Measuring the collaboration task is complex and needs operationalization of the indicators and indexes of collaboration quality. There needs to be more operationalization of the theoretical indexes into practice. This can help other researchers who want to measure the collaboration quality. For example, there has been a lot of work on measuring “sustaining mutual understanding” with human observers but there has been no work with unobtrusive sensory measures (Praharaj et al., 2021a). It is because of the contextual nuances and difficulty in understanding the content of the conversation which indicates mutual understanding from audio.

Nevertheless, the automated collaboration analytics is in an advanced semi-automated stage and humans are needed to clean the text corpus partially and also correct some names in the transcription. Therefore, there is a need to use good-quality transcription software and contextual keyword corpus to minimize the human dependence and increase the accuracy.

We find that specific keywords utterance frequency analysis for different roles helps to understand the change in role-based conversation patterns with time. This is because the more utterances we have in a specific phase-related keyword, the more is its usage in that context and hence, more importance. The convergence patterns help us to understand how specific conversations were discussed by all roles or specific roles hence signaling an increase in the shared knowledge space (i.e., a proxy for the quality of collaboration). Combined with the social space analysis (shown as role-role interaction network graph), the holistic overview of how the conversations evolved can be obtained. This helped us to quantify the collaboration quality. So, we do not categorize whether higher or lower convergence is good or bad. We just show an approach to quantify collaboration and categorizing is up to the context of collaboration. For instance, in our study, if there is higher convergence for on-topic conversations then it is good for the quality of collaboration but higher convergence for off-topic conversations is bad for collaboration quality. As we do not define fixed objectives before collaboration and do not conduct a lab-based study, so it is quite open to interpretation.

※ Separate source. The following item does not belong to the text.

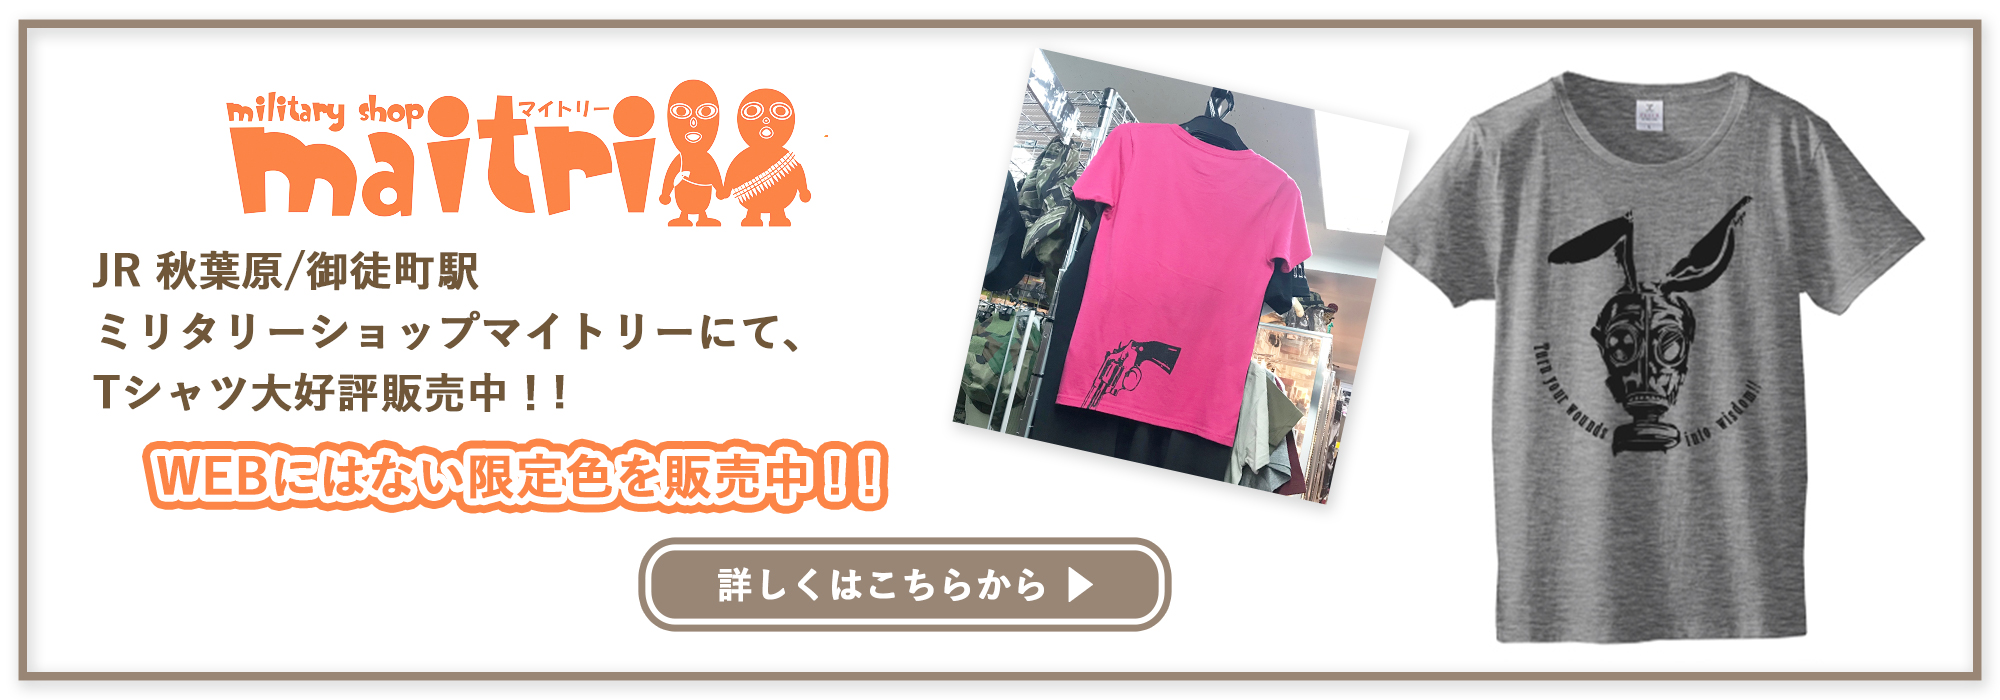 JR 秋葉原/御徒町駅 ミリタリーショップマイトリーにて、 Tシャツ好評発売中!!

The combined social and epistemic space also helps to clear ambiguity in certain situations when a specific indicator does not give a clear indication about the quality of collaboration. For instance, higher turn-taking signals an increase in collaboration quality only when it is happening on task-related discussion and not on clearing confusion and clarifying about the collaborative task (Kim et al., 2015). This is clear from the epistemic space or in other words the content of the conversation. So, there is a need to do a focus shift to the epistemic space from the social space and both need to be seen side by side to get a holistic overview of who spoke “what” and “how” with whom. Audio in this sense provides a richer picture of collaboration quality in an unobtrusive manner. With the rise of privacy and ethical concerns, anonymized audio data can be considered a good unobtrusive measure to detect collaboration quality.

Besides, there needs to be a stakeholder participatory design where their design considerations are taken into account when designing the dashboards to increase its adoption and usage. This is essential when visualizations need to be conveyed as a story on the dashboard and data storytelling can change the narrative of collaboration quality interpretation.

To conclude, our contribution is threefold: (1) to give an overview of the unobtrusive measures of collaboration where we define the quality of collaboration, (2) to build an automatic collaboration analytics setup using the audio data, and (3) to analyze and visualize the collaboration indicators from group audio data to move toward detecting CC quality.